Are you using Amazon Author Central? If not, why? It’s an excellent author-friendly tool that can be used to promote your book and your platform that only takes minutes to setup. If you have more than one book, it’s a central location where an Amazon shopper can find your entire bibliography in one place. How’s that for an easy way to cross-promote your work?

 

Amazon Author Central allows authors to create a custom profile that customers then use to learn about the author and make purchases. The content you can place on your Author Central page includes:

  • A bio—Tell readers a little bit about yourself so they'll connect with you as a person.
  • Photos—Include your author photo and any other images your readers may like to see, perhaps your workspace or things that inspired your writing.
  • Video—Want to get that trailer up on Amazon? Uploading it here only takes a few minutes!
  • Events—Want to drive traffic to your speaking engagements and readings?  Advert them here.
  • Blog feed—Linking your blog to your Author Central page is just another way to grow your list of blog followers and give readers more of what they want: a connection to you as an author!
  • Twitter feed—Extend your social media outreach even further by displaying your tweets on your author page.
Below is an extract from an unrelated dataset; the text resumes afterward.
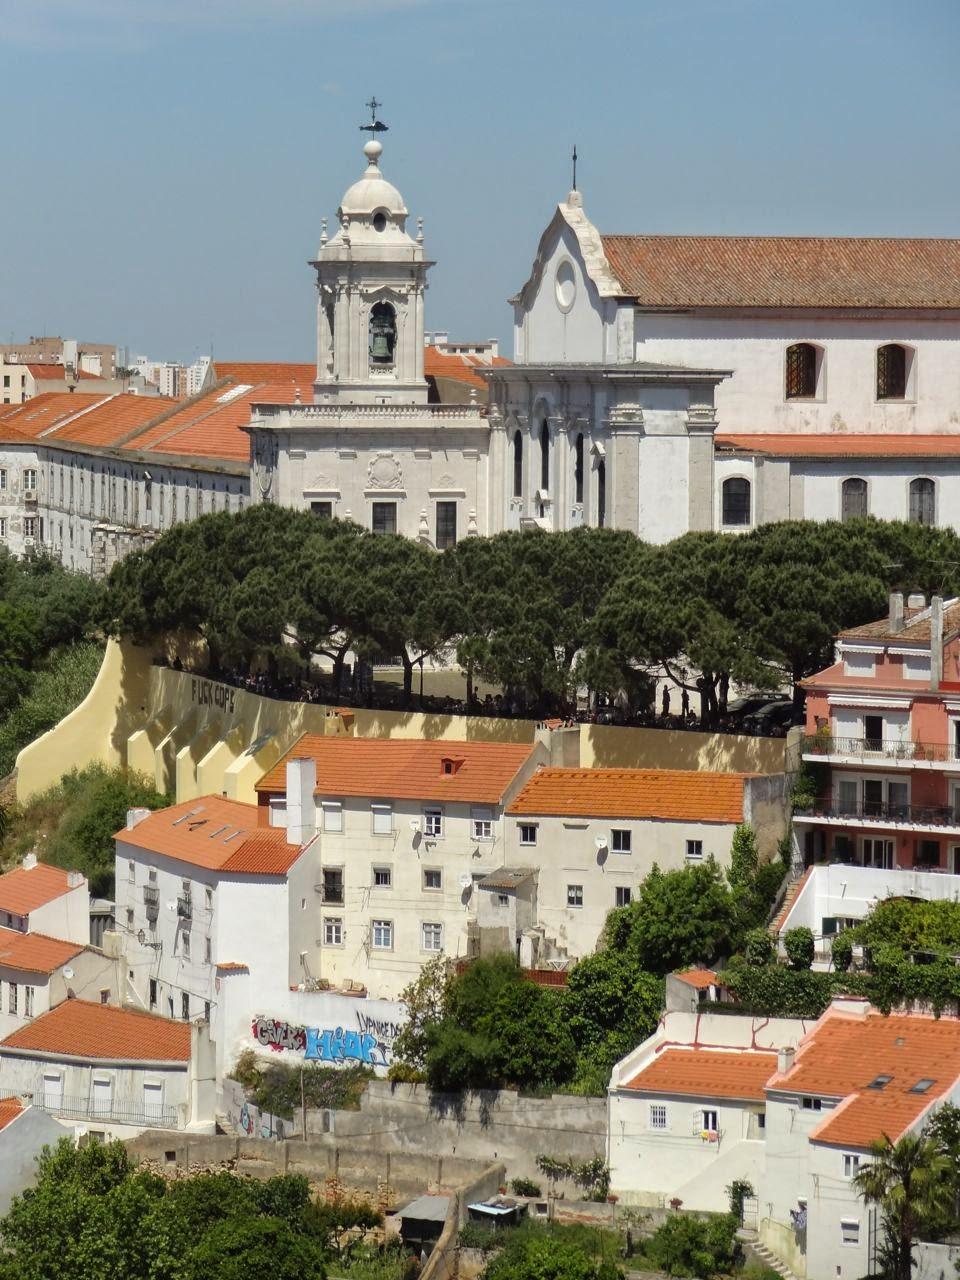 Alfama - the original Moorish district of Lisbon 5

Recently, Author Central began providing weekly sales data from Nielsen BookScan (a service that tracks sales of print books in stores across the country) for free to authors who sell their books on Amazon. You can view your sales data in a variety of ways.  Amazon gives you a basic total from BookScan and shows how many units more or less you sold compared with the previous week. They also visually display your most recent four to eight weeks of sales data on a map of the United States. Alongside that display you will find a list of geographic areas from New York to Los Angeles and the number of books you sold in each. 

 

Access to BookScan data can help you determine whether your publicity efforts are paying off, and tells you what markets you have the most demand in so you can amp up your promotion accordingly.

 

Finally, for those who like to keep tabs on their Amazon sales rank, the sales data tab displays a line graph of your book’s sales rank history on Amazon and tells you what your current rank is. As with all sales rankings on Amazon, the data is updated hourly. 

 

You can also use Author Central to modify the description of your book listing on Amazon or write a message directly to your readers. 

 

We encourage all of our authors to create an Amazon Author Central page. Even William Shakespeare has an Author Central page. It has to be cool.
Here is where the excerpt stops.